Umm injecting marajoinas is a bad idea


----------



## I_<3_SCS (Oct 13, 2017)

JustinTimeCuber said:


> Umm injecting marajoinas is a bad idea
> View attachment 8483



Sorry, I meant pot*luck.*


----------



## JustinTimeCuber (Oct 13, 2017)

I_<3_SCS said:


> Sorry, I meant pot*luck.*


don't do drugs kids


----------



## I_<3_SCS (Oct 13, 2017)

JustinTimeCuber said:


> don't do drugs kids



Off not... but when in colorado...


----------



## Draranor (Oct 14, 2017)

Wish I could go, but I'm going to Chicaghosts, and St.

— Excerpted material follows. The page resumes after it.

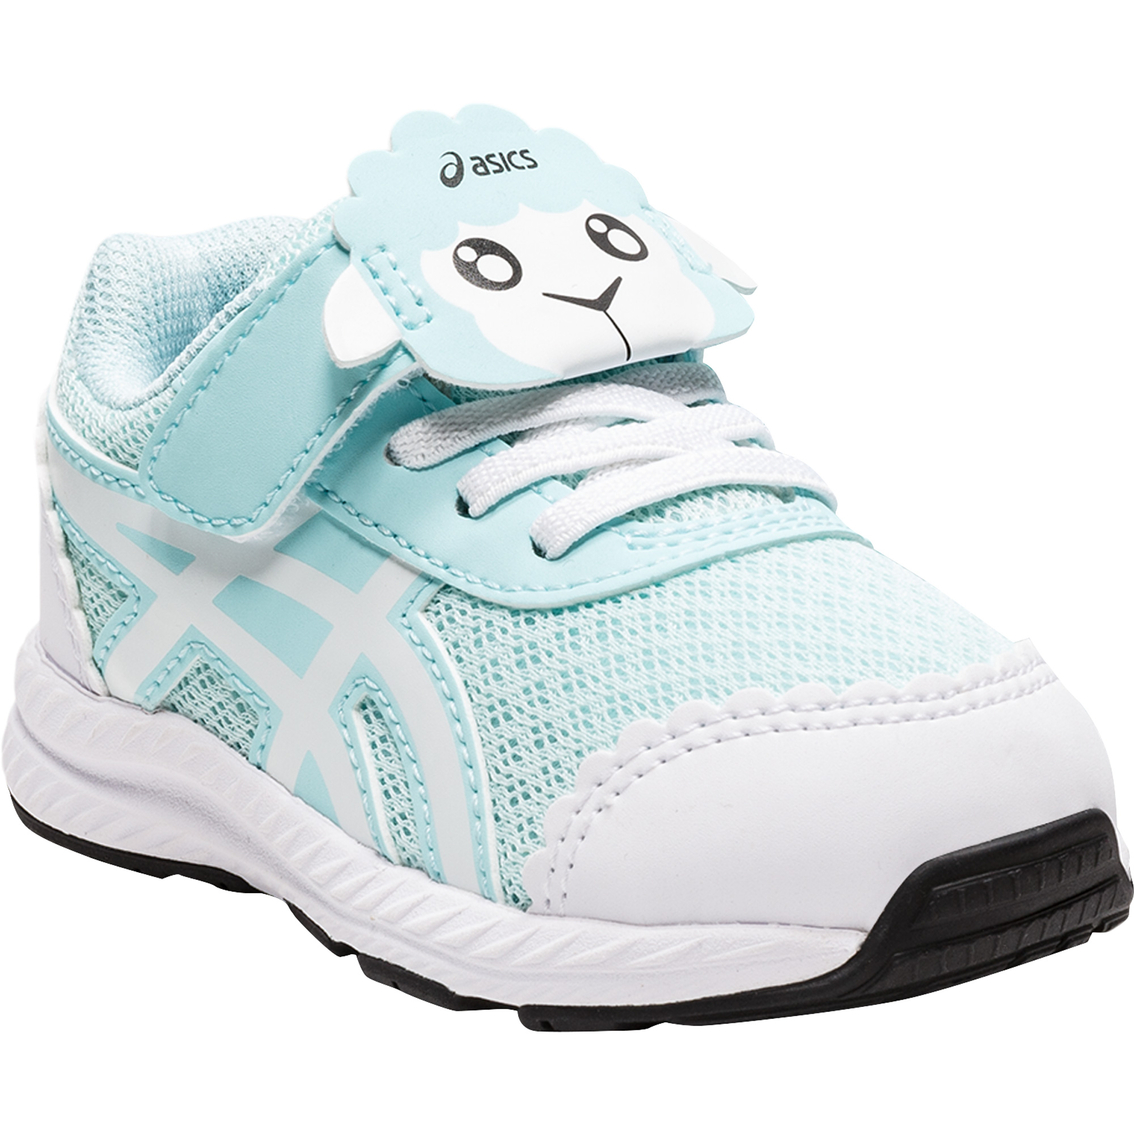 ASICS Toddler Girls Contend 7 School Yard Running Shoes - Image 1 of 7

Boois is the day after


----------



## I_<3_SCS (Oct 14, 2017)

Draranor said:


> Wish I could go, but I'm going to Chicaghosts, and St. Boois is the day after



y not both?


----------



## Draranor (Oct 14, 2017)

I_<3_SCS said:


> y not both?


It's a 10+ hour drive for me, and unfortunately work is a thing


----------



## I_<3_SCS (Oct 14, 2017)

Draranor said:


> It's a 10+ hour drive for me, and unfortunately work is a thing



Ahhh... I see. Well good luck at Chicaghosts!


----------



## kprox1994 (Oct 16, 2017)

I will be there! First comp!


----------



## Pryge (Oct 19, 2017)

JustinTimeCuber said:


> oh woaj you're back, that party sounds lit
> 
> and now I'm faster than you
> 
> So anyway, I'm indoctrinating two of my fellow WGHS freshmen into the immoral cuber lifestyle, and they're going to this.


I have you in 12/50/100 but not 1/5. I'm also bringing like 7 people from my school's cubing club and they gonna take all those podiums


----------



## JustinTimeCuber (Oct 19, 2017)

Pryge said:


> I have you in 12/50/100 but not 1/5. I'm also bringing like 7 people from my school's cubing club and they gonna take all those podiums


What's your ao50?

e: also just got a 2.58 2x2 ao50 so that might be a thing


----------



## Draranor (Oct 23, 2017)

There's no thread for KCubing in a couple weeks; who all's going to that one?


----------



## Draranor (Oct 23, 2017)

Draranor said:


> There's no thread for KCubing in a couple weeks; who all's going to that one?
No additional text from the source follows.